Go to the line containing "Traghetti Anek" below; retype it and all following lines exactly, and leave out the pictures.

Data extract →
-=-=-

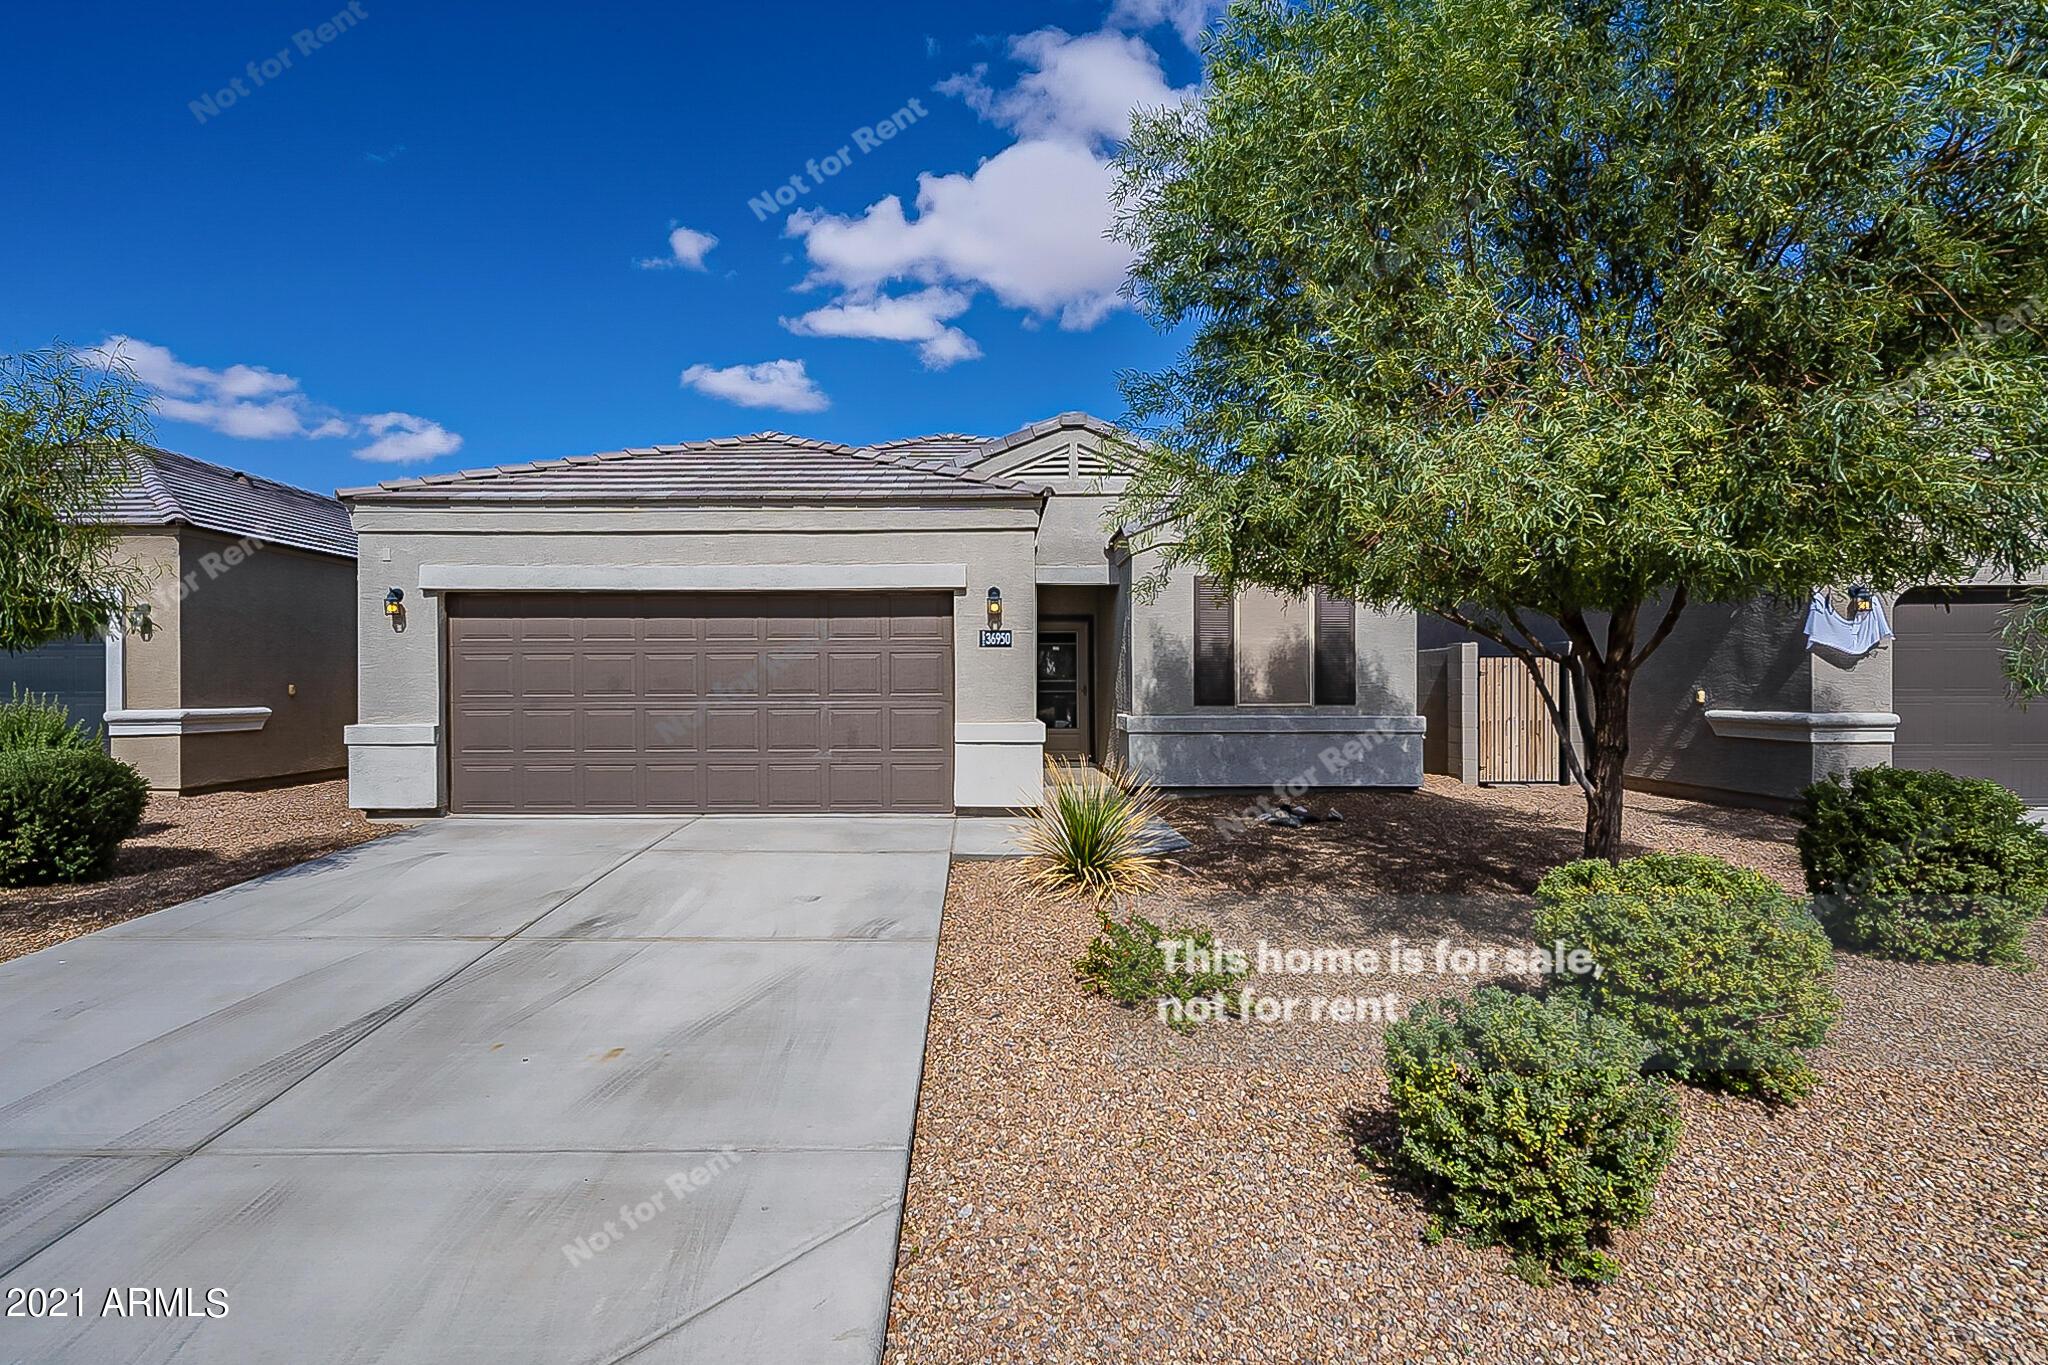 36950 W MADDALONI Avenue, Maricopa, AZ 85138, 3 Bedrooms Bedrooms, ,Residential,For Sale,36950 W MADDALONI Avenue,6310486
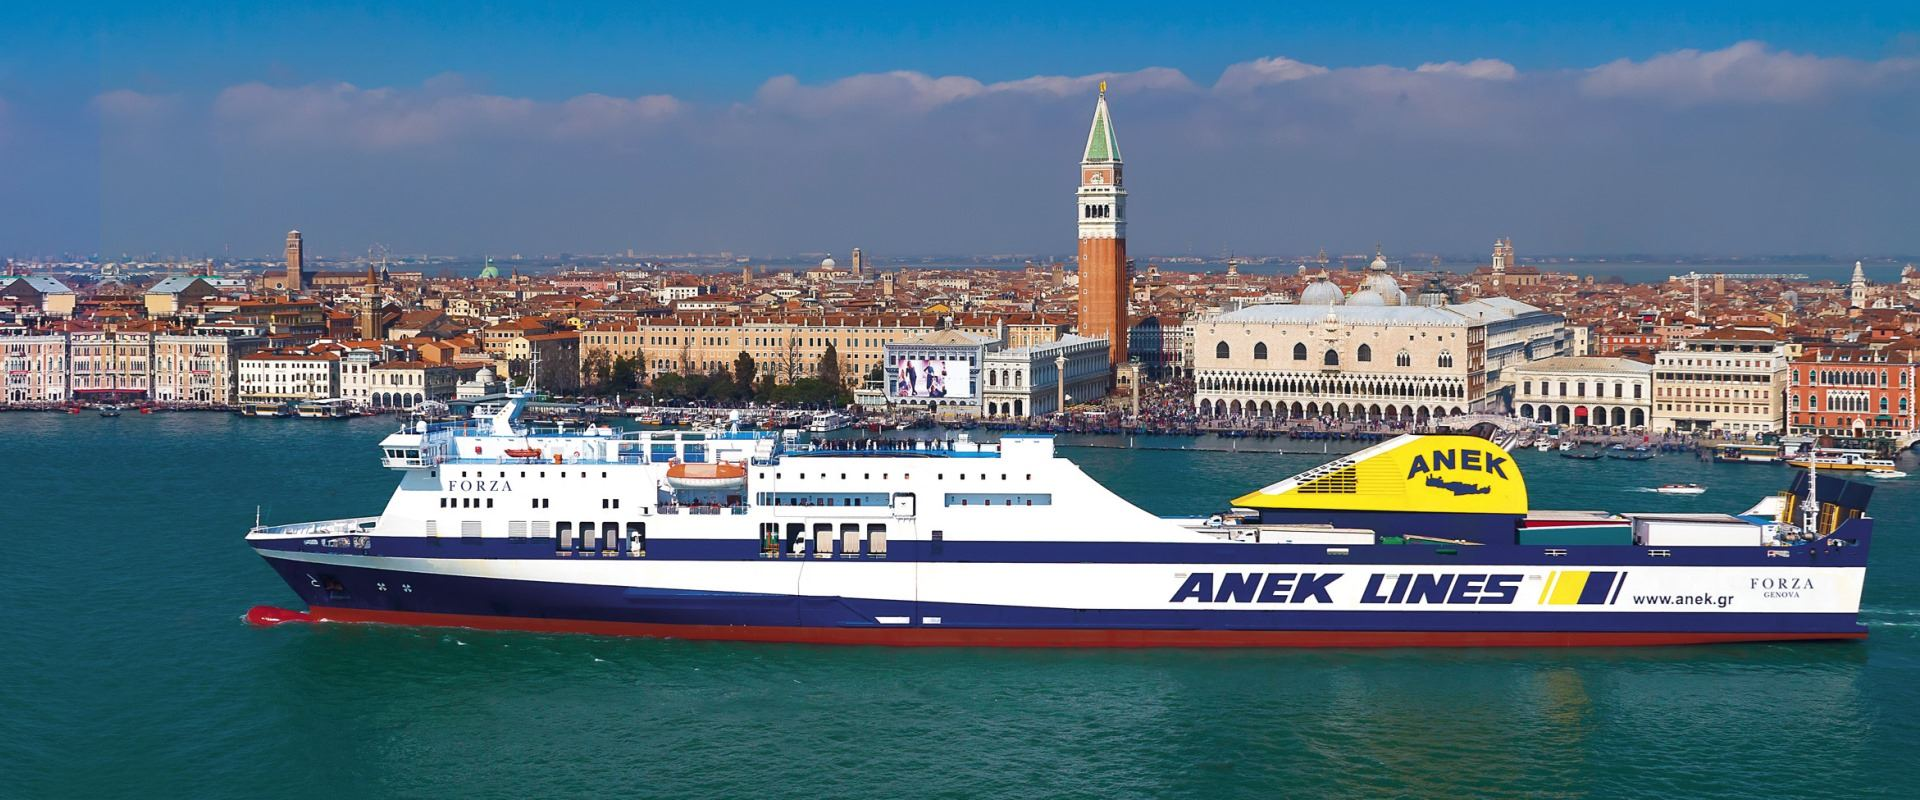 Traghetti Anek
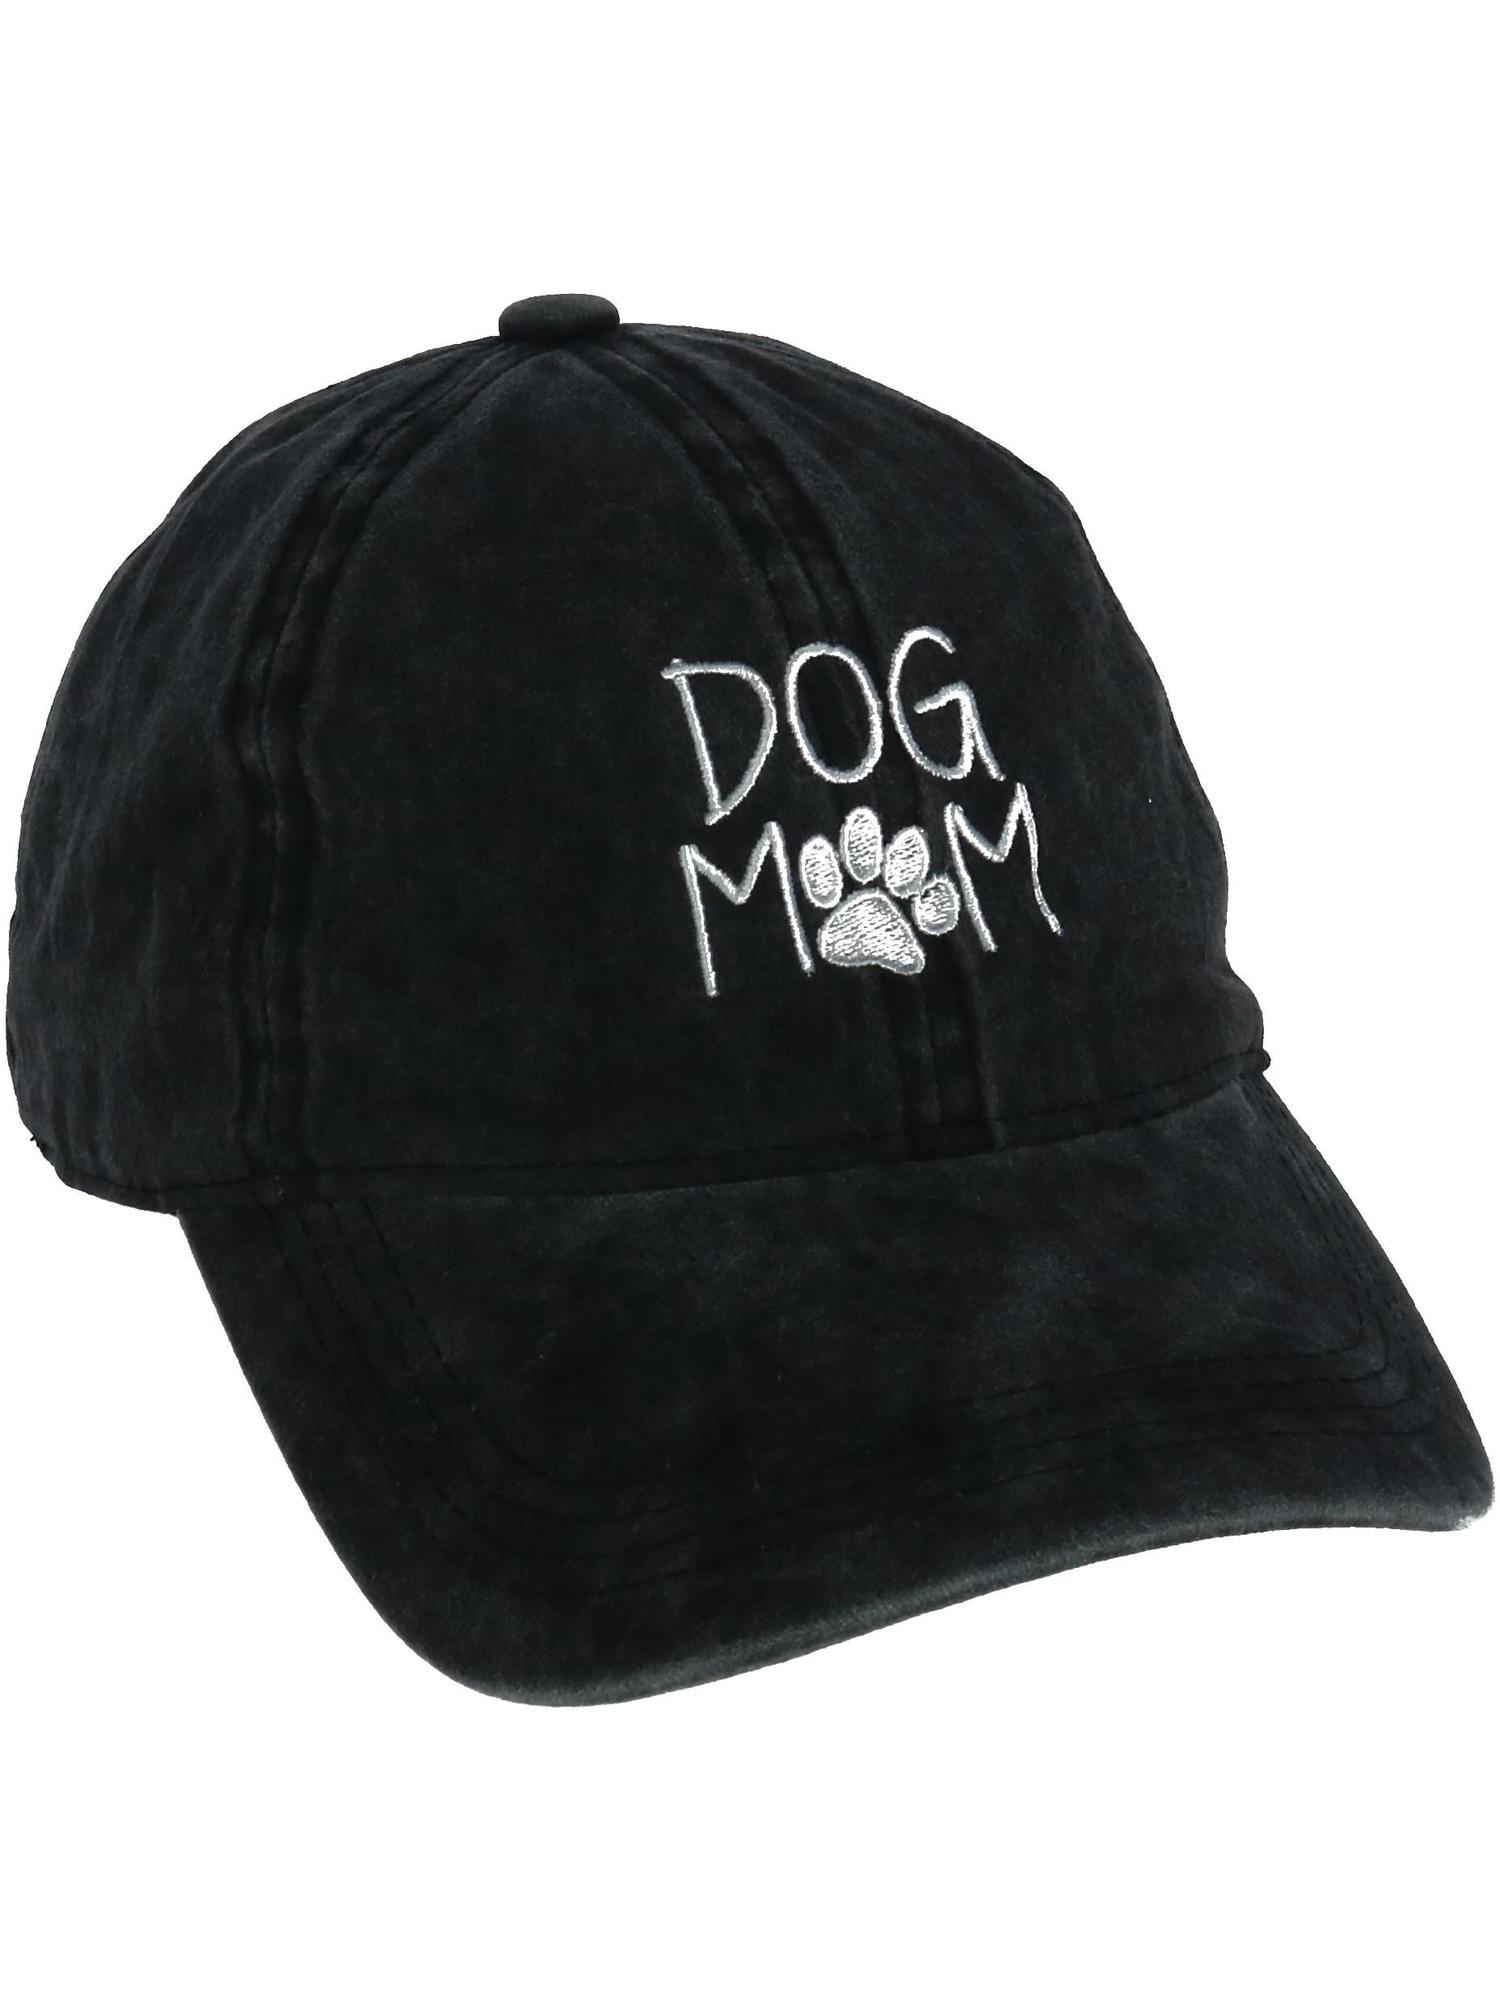 f21ecaea2 Women's Dog Mom Embroidered Baseball Cap

-=-=-

Task solution →
 Traghetti Anek
 f21ecaea2 Women's Dog Mom Embroidered Baseball Cap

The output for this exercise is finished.